ASSIGNMENT. In the data below, one line contains "Warren Buffett, on" and a later one contains "QRV-036 Quinta Studio". Print both, with every line between them, exactly and alone.

DATA LISTING.
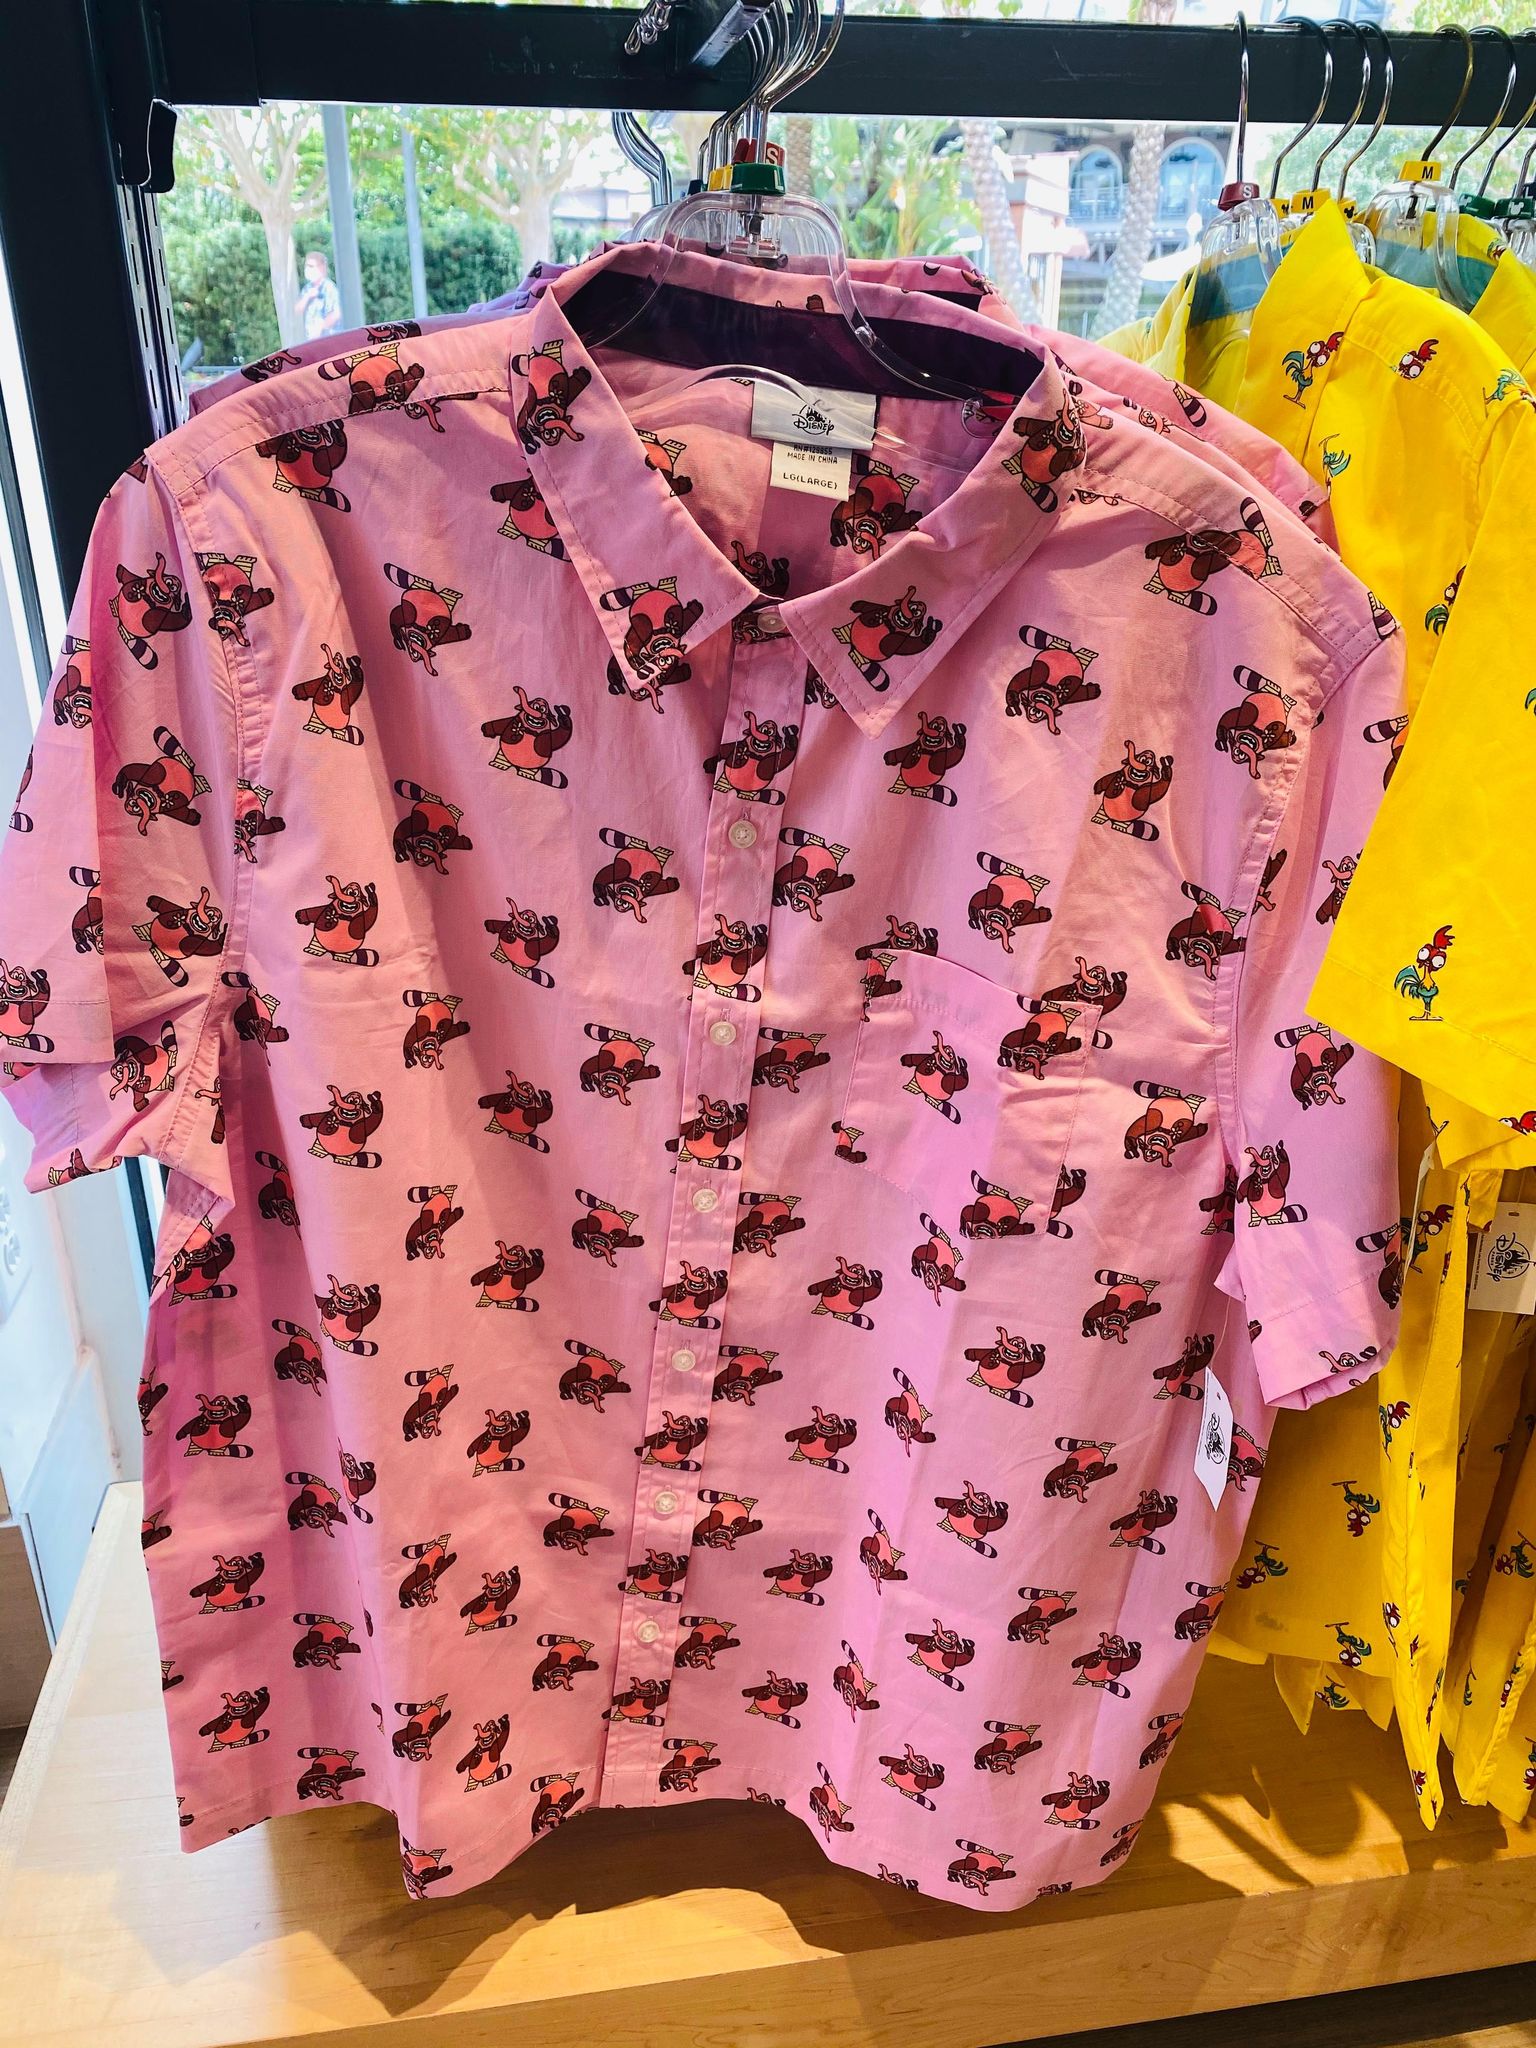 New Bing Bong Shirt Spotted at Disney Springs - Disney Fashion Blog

...

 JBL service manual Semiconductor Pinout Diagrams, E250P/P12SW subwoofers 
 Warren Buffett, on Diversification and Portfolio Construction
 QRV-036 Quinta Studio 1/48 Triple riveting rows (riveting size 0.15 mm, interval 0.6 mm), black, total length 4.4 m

ANSWER TO THE PROBLEM.
 Warren Buffett, on Diversification and Portfolio Construction
 QRV-036 Quinta Studio 1/48 Triple riveting rows (riveting size 0.15 mm, interval 0.6 mm), black, total length 4.4 m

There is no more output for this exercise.